Tim Adams 

An angry old man

Noble Laureate Elias Canetti's memoirs, Party in the Blitz, are irrepresibly bitchy, says Tim Adams, especially when it comes to TS Eliot.
  
  

Party In The Blitz by Elias Canetti
Buy Party In The Blitz at the Guardian bookshop Photograph: Public domain

Party in the Blitz
by Elias Canetti
Harvill £17.99, pp208

When he began these memoirs of his life in London the Nobel Laureate Elias Canetti was 85. He worked on them, on and off, up to his death four years later in 1994.

Never shy to face up to the truths of life, schooled as he was in the major political upheavals of the century, he nevertheless discovered extra license in his advanced age. The book seems to have been intended as a parting shot at the society he entered in England; a nicely calculated piece of sniping at the liberals who welcomed him, stiffly, when he escaped from Vienna after his writings had been banned by the Nazis in 1939.

The title suggests a kind of wartime bonhomie that the writer seldom experienced. The home front parties Canetti describes, mostly Hampstead literary events, are 'senseless and heartless, every bit in keeping with such cold people'.

They are thrown by the poet and critic William Empson, or at the smart home of Canetti's English editor Veronica Wedgwood. The author moves among these soirees with consummate Austrian glumness knowing no one and, worse, no one knowing him, despite the fact that his great book Auto da Fé was already behind him. From time to time he was asked in a disinterested way, by a Toynbee or a Percy, if he had known Kafka, since he came from over that way, but mostly he was awkwardly ignored.

Fifty years on, these slights recalled, Canetti obviously rather fancied the idea of getting his own back. The result is a series of memorable, pointed vignettes of the intellectual figures of wartime and after. Canetti is never less than dry, and frequently venomous, a tone captured perfectly in Michael Hofmann's translation. The author reserves special scorn for the social 'dictatorship' of TS Eliot, often the star guest at these evenings, and occasionally called on to recite poems that are invariably, to Canetti's ears, 'spittoons of failure'; (he defiantly loves Dylan Thomas for having the presence to undermine Eliot's stifling authority).

If the men, Eliot and Empson in particular, suffer in these pages for their arrogance, and for their desiccated misogyny, the women fare little better. Canetti remained wonderfully angry to the end, for example, at the number of evenings he had wasted listening to the Blakean ins and outs of the poet Kathleen Raine's love life.

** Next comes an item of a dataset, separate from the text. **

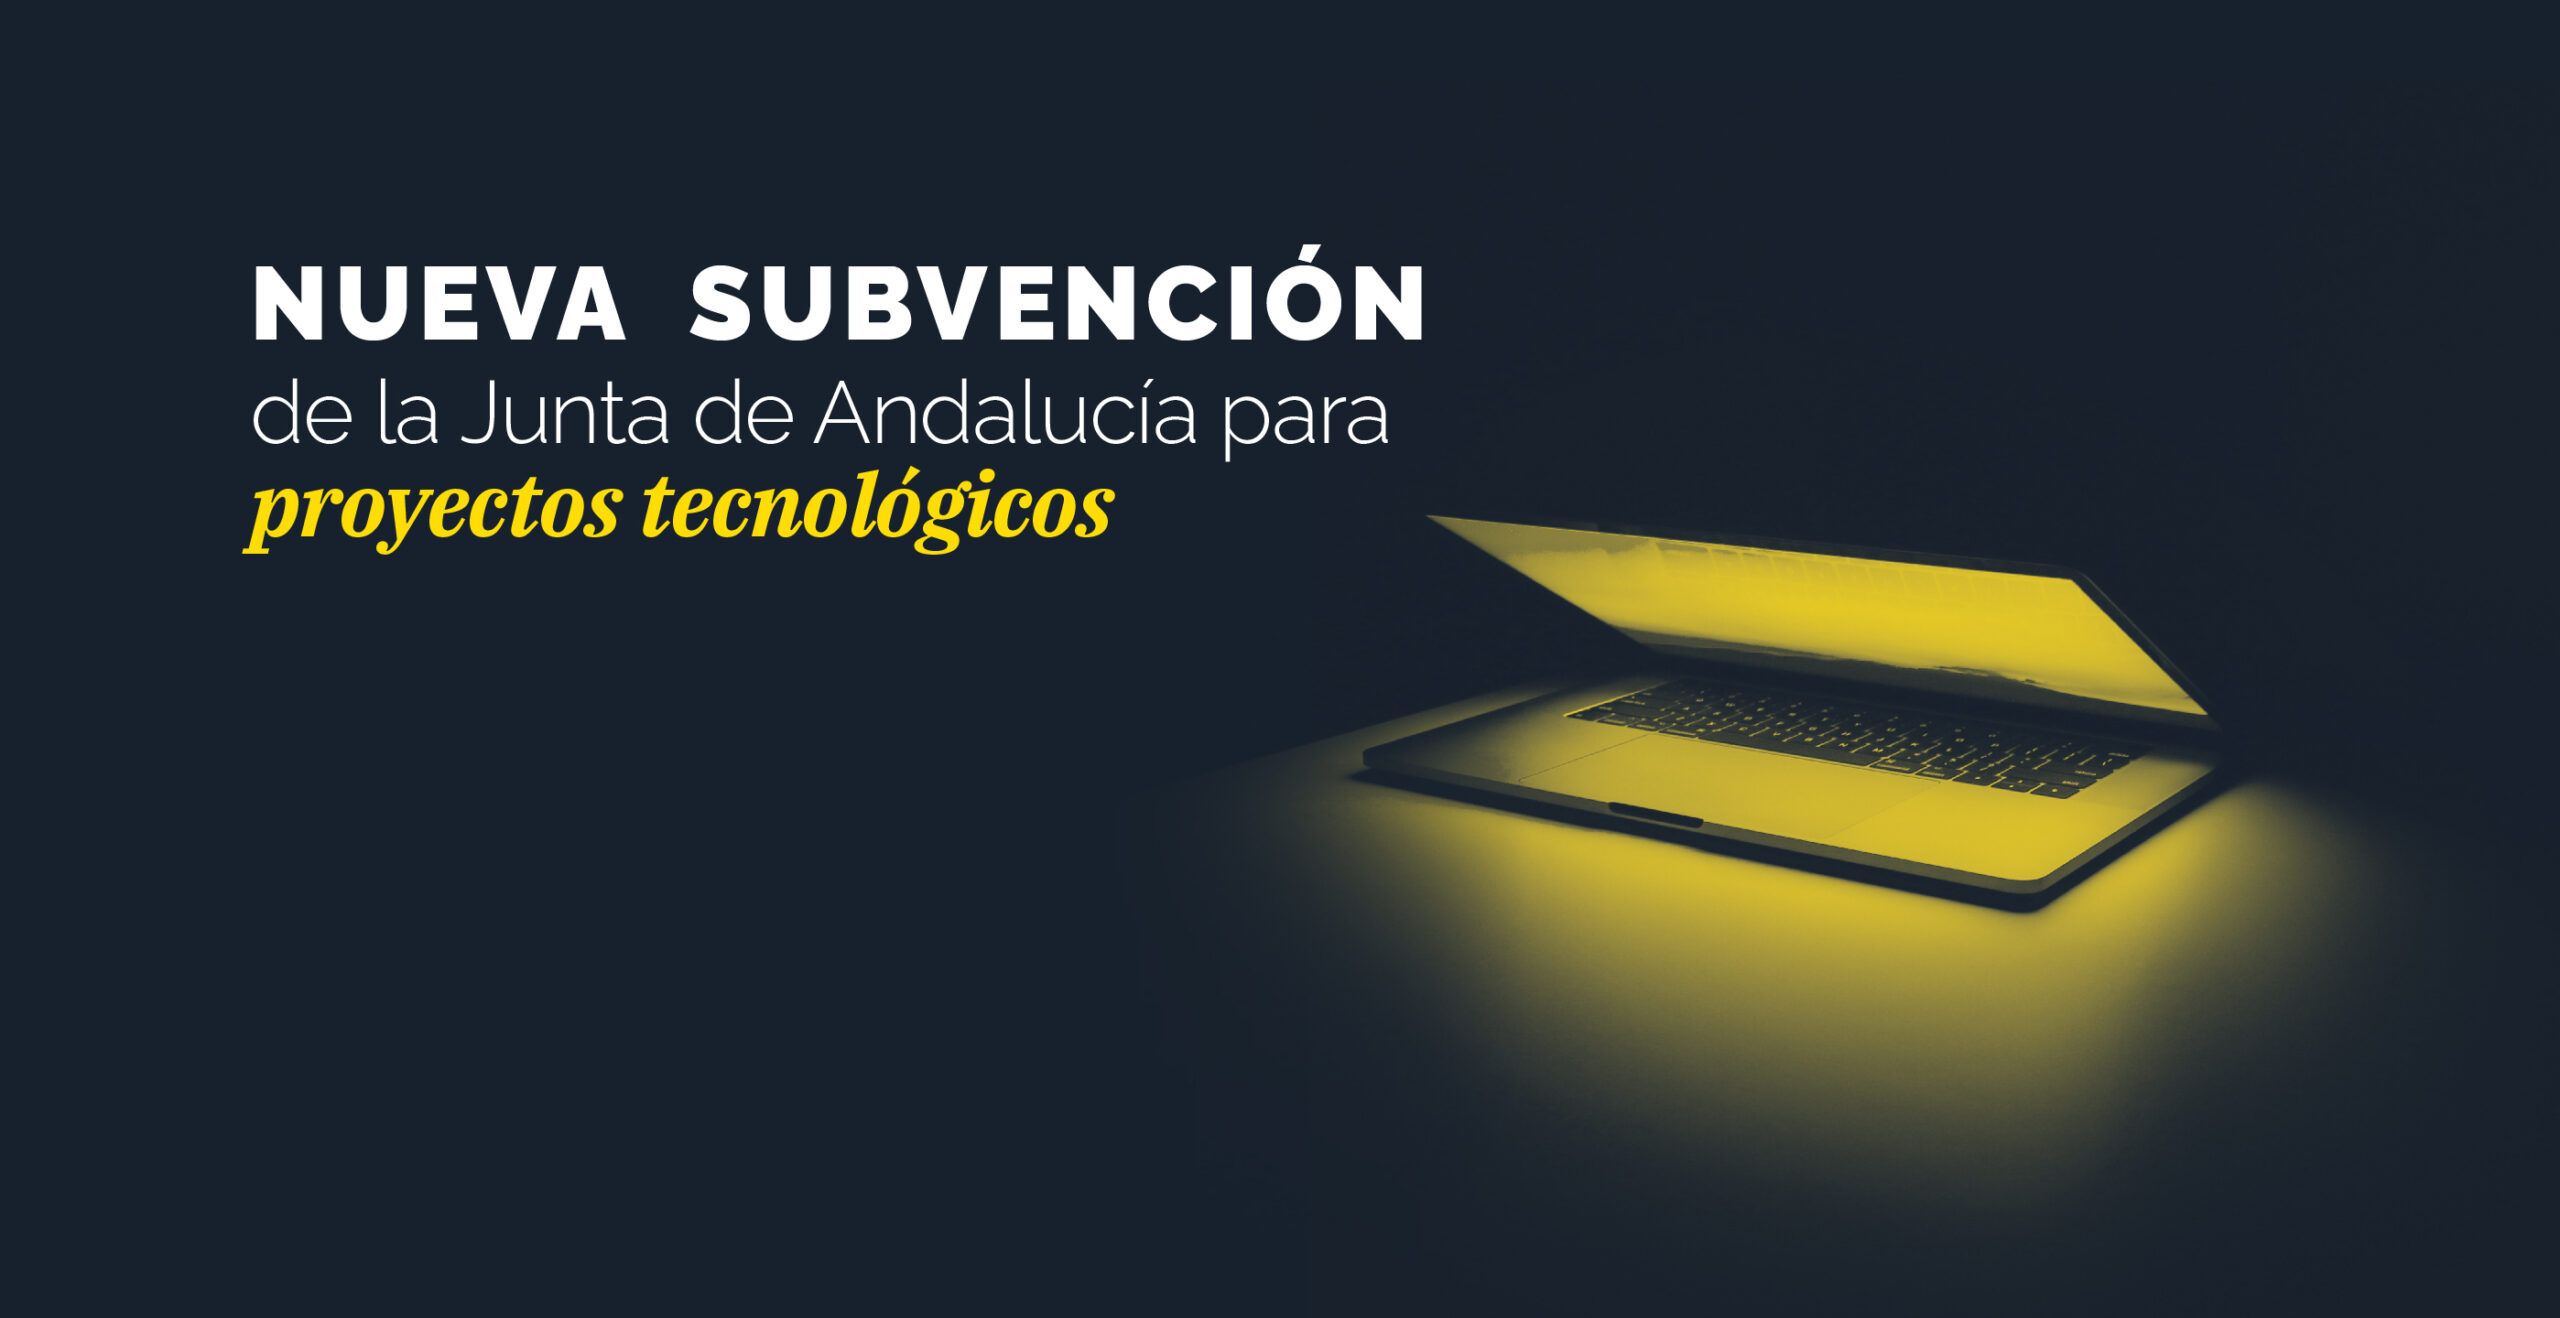 Subvención Andalucía proyectos tecnológicos

He is often even less charitable toward his own numerous lovers. The most celebrated of these, Iris Murdoch, is treated with an astonishing disgust in his memory, an embarrassingly supine conquest who in the bedroom took off layer upon layer of things 'that didn't have anything remotely to do with love, it was all woollen and ungainly' before lying 'unmoving and unchanged... [so that] I barely felt myself enter her ... perhaps I might have felt something had she resisted in some form. But that was as much out of the question as any pleasure ...' Things got worse when the novelist departed the boudoir, her flat feet in 'grotesque sandals', walking like a 'repulsive bear'.

In among this London society, Canetti reckoned he had one single reader who had the German and the wit to have read his Auto Da Fé. That that person is the great sinologist Arthur Waley is no particular comfort to him. Canetti recounts a conversation between his wife, the somewhat long-suffering Veza and Waley, which founders on questions of taste. Thomas Mann couldn't write, Waley asserts, Dickens was 'no good at all' and so on, until the enthusiasms of Mrs Canetti are snobbishly crushed one by one.

'When I think of England I always think of people with whom I had detailedly insipid conversations,' Canetti suggests, but his recollections of these conversations are anything but insipid. If his book was mostly inspired by bitterness, it is salvaged by his great sense of history and humanity, and the exactness of his prose.

Despite the bitchiness, and because of it, Canetti proves himself a pre-emiment authority of that perennially curious social gathering, the London literary evening, his thesis a nice little coda to his life's work on Crowds and Power. And you are left in no doubt that he was, as he well knew, always the life and soul of the party.